Den Anteil der Verkehrsmittel über längere Zeit zu vergleichen, stößt indessen auf Schwierigkeiten, da die Berechnungen und Methoden mehrfach geändert wurden. Trotzdem schälen sich zuletzt leichte Zuwächse für das Fahrrad und die öffentlichen Verkehrsmittel heraus. Auf Bus, U-Bahn, Straßenbahn und Eisenbahn entfielen 2018 zusammen 13 % aller Wege und mehr als 11 % der gesamten Wegstrecke.
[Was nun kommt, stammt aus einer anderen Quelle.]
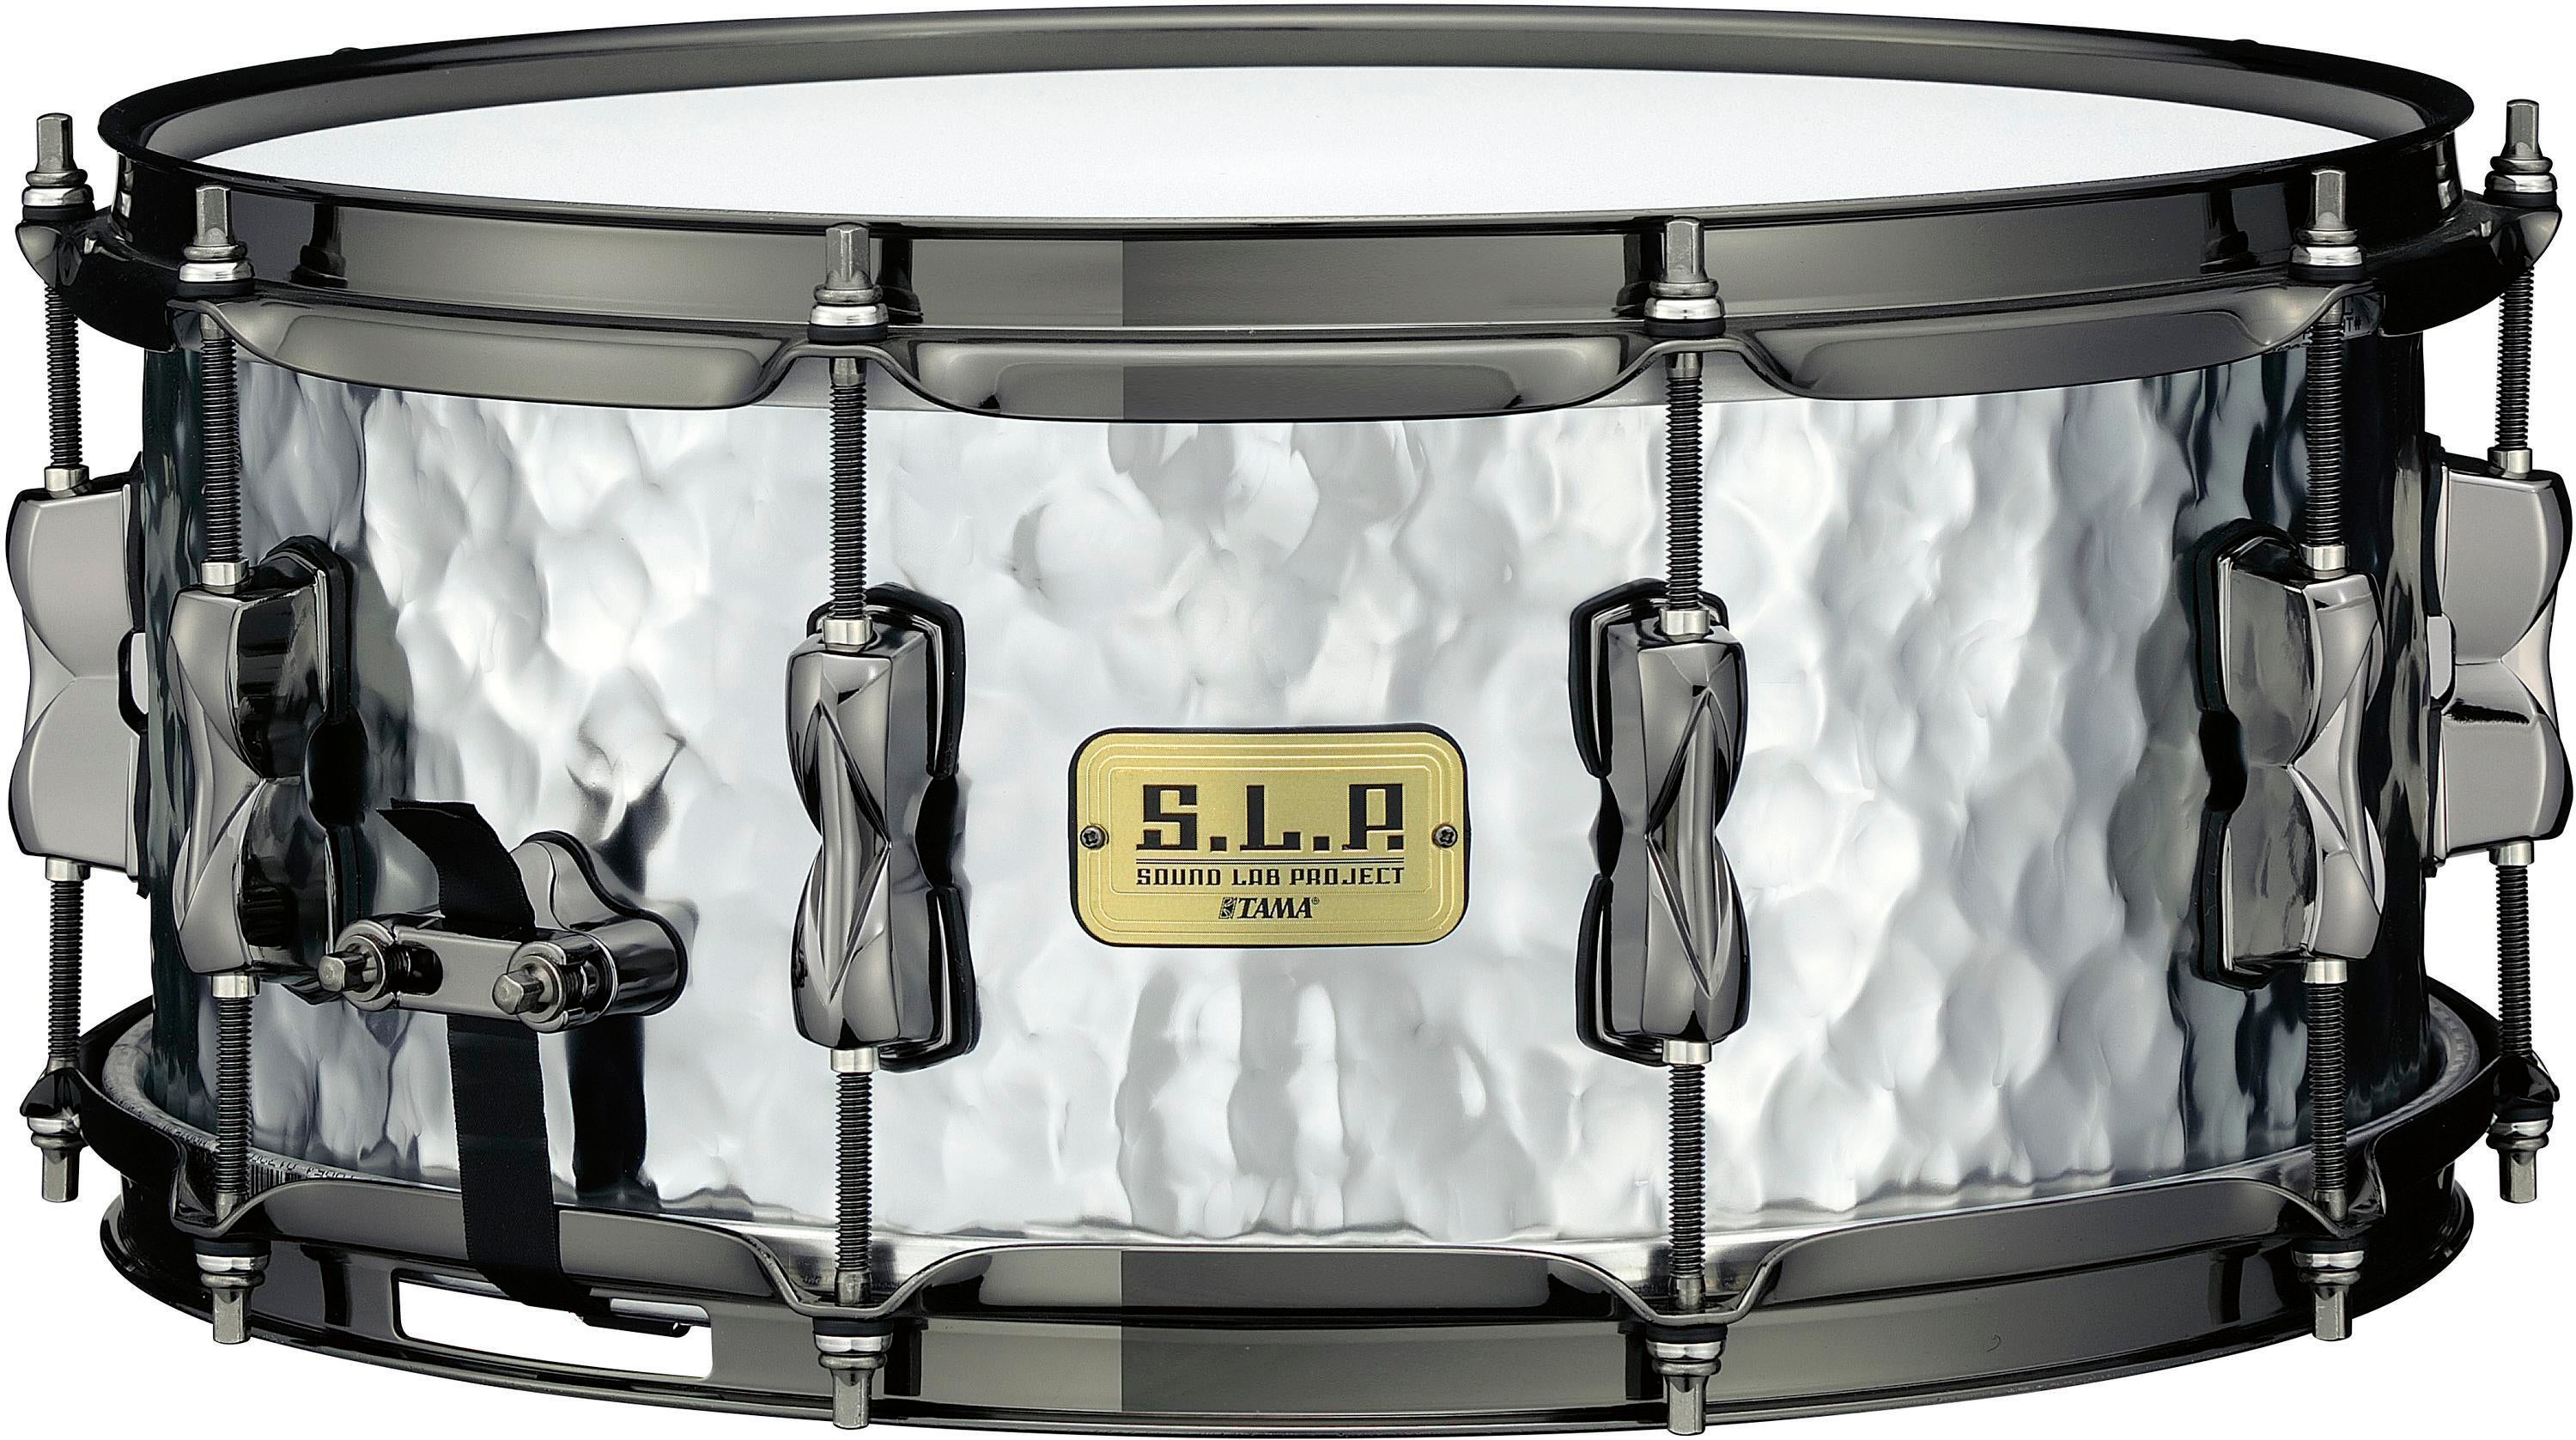 Tama S.L.P. Expressive Hammered Steel Snare Drum - 6 x 14 inch 
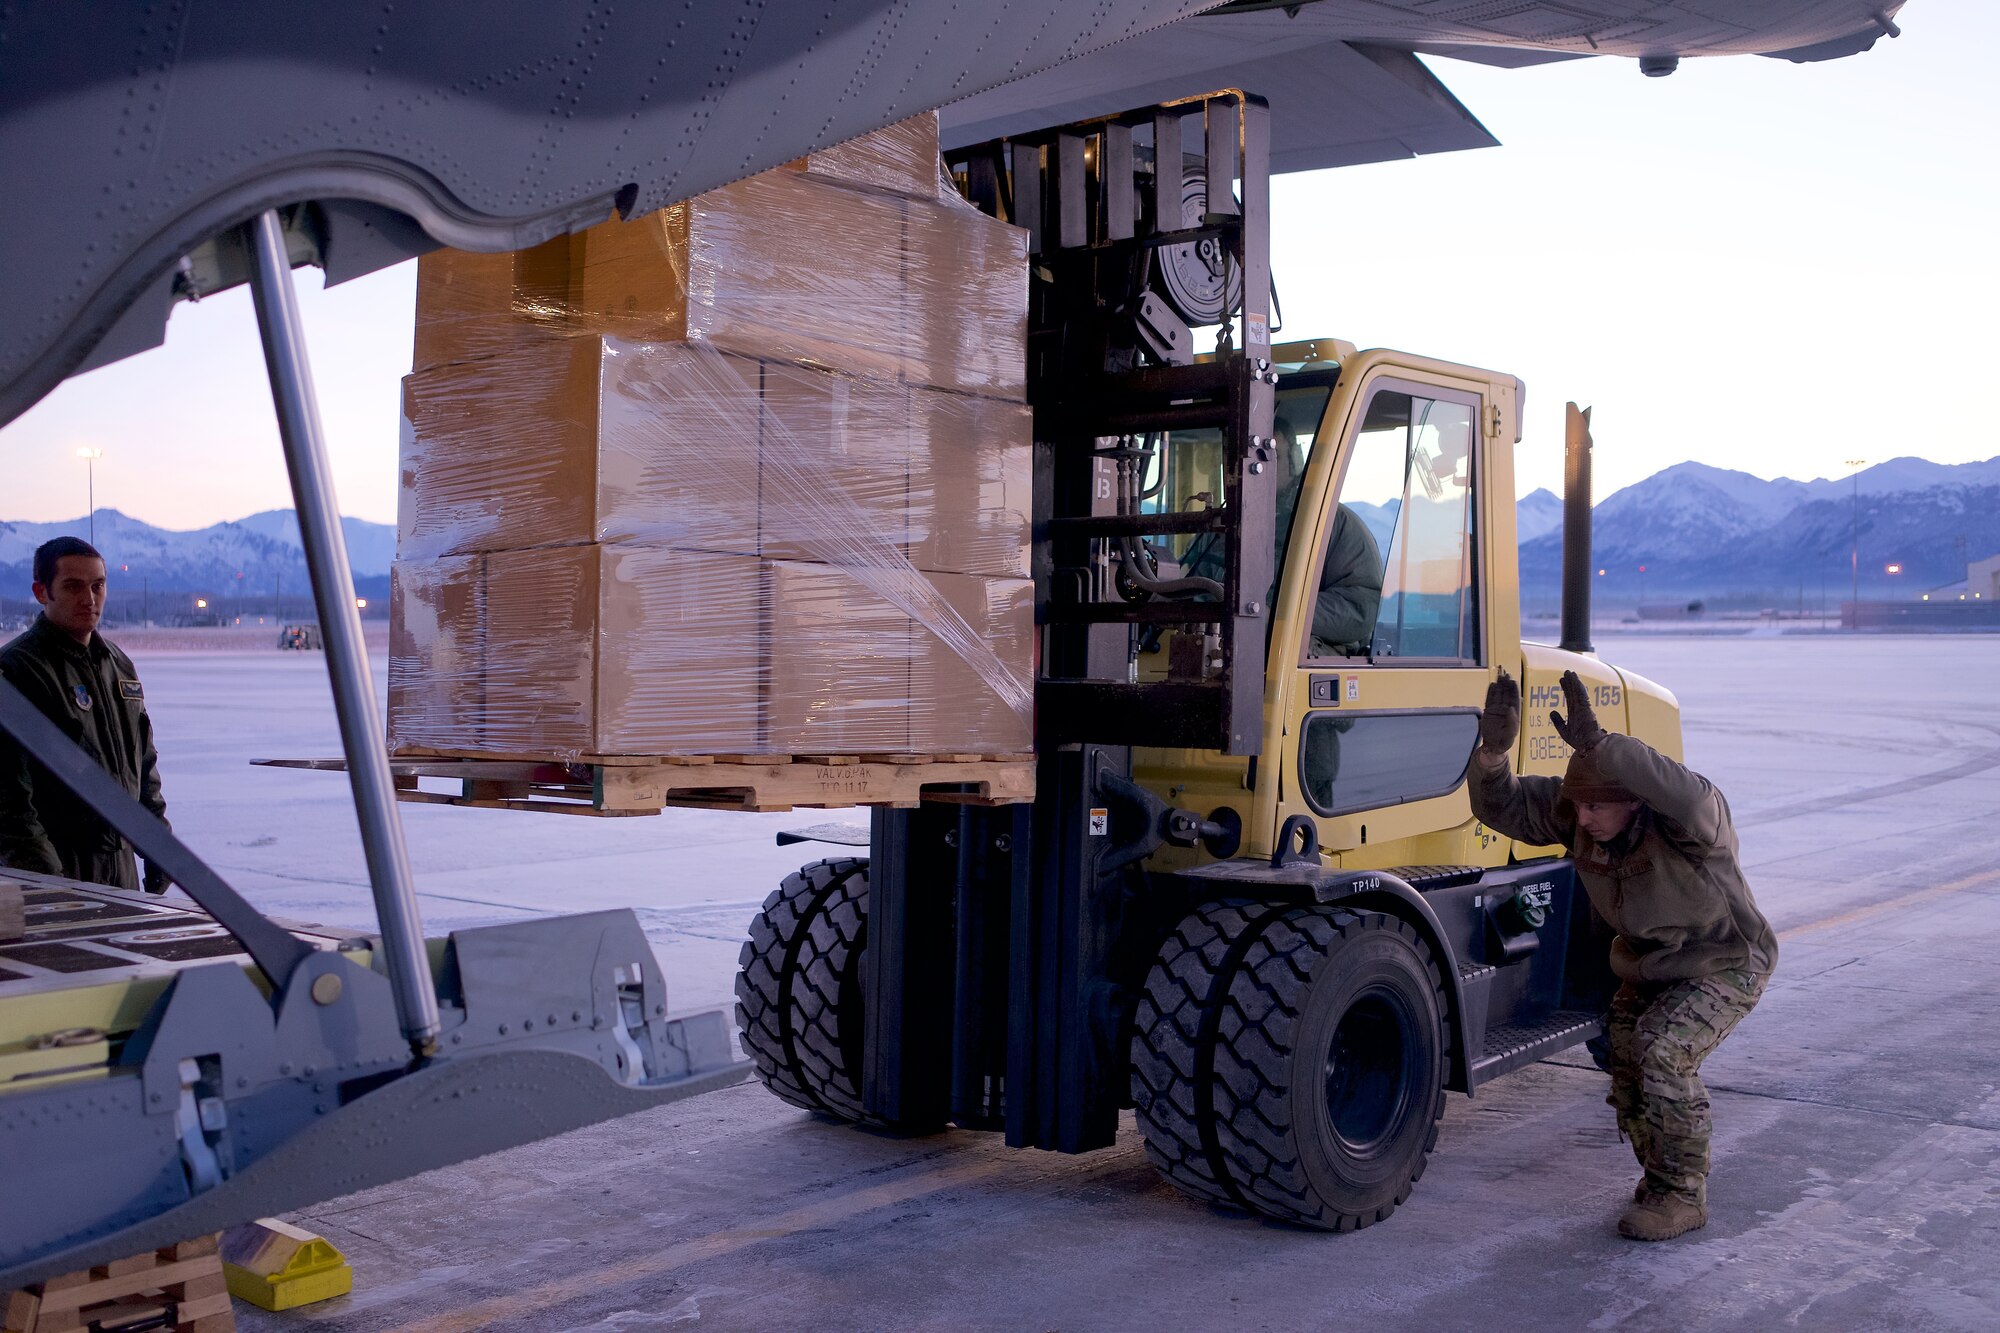 Airmen of 176th Wing load boxes containing prescription drugs onto a 211th Rescue Squadron HC-130J Combat King II Nov. 6, 2018, at Joint Base Elmendorf-Richardson, Alaska, for transport to Spokane, Washington, for incineration. Airmen of 176th Wing, members of the Alaska National Guard Counterdrug Support Program, and special agents of the Drug Enforcement Administration joined forces in the effort of transporting more than 4,000 pounds of prescription drugs turned in during Alaska’s biannual prescription drug take back. (U.S. Air National Guard photo by David Bedard/Released)

Zu Fuß legten die Bundesbürger 2018 gut ein Fünftel (22 %) aller Wege zurück. Die eigenen Gehwerkzeuge sind vor allem für den Weg zur Schule, beim Einkaufsbummel, beim Joggen oder für Spaziergänge im Gebrauch.

Welche Rolle die Freizeit für die Mobilität der heutigen Gesellschaft spielt, lässt die Aufschlüsselung des Personenverkehrs nach dem Zweck erkennen: So diente 2018 mehr als ein Viertel (27 %) aller Wege dem Freizeit- oder Urlaubsvergnügen. Etwa ebenso viele Wege (28 %) waren beruflich oder geschäftlich motiviert, sei es, um täglich zur Arbeit zu fahren, oder aber, um Kunden zu besuchen und Geschäftsreisen zu unternehmen. Noch etwas häufiger (30 %) standen allerdings Einkäufe oder Erledigungen auf dem Programm. Auf Fahrten zur Schule oder zur Ausbildungsstätte entfielen 7 % der Wege. Weitere 8 % dienten der Begleitung anderer Personen, etwa auf dem Schulweg, bei einem Arztbesuch oder einem Behördengang; häufig sind auch Kinder dabei, wenn Eltern unterwegs sind.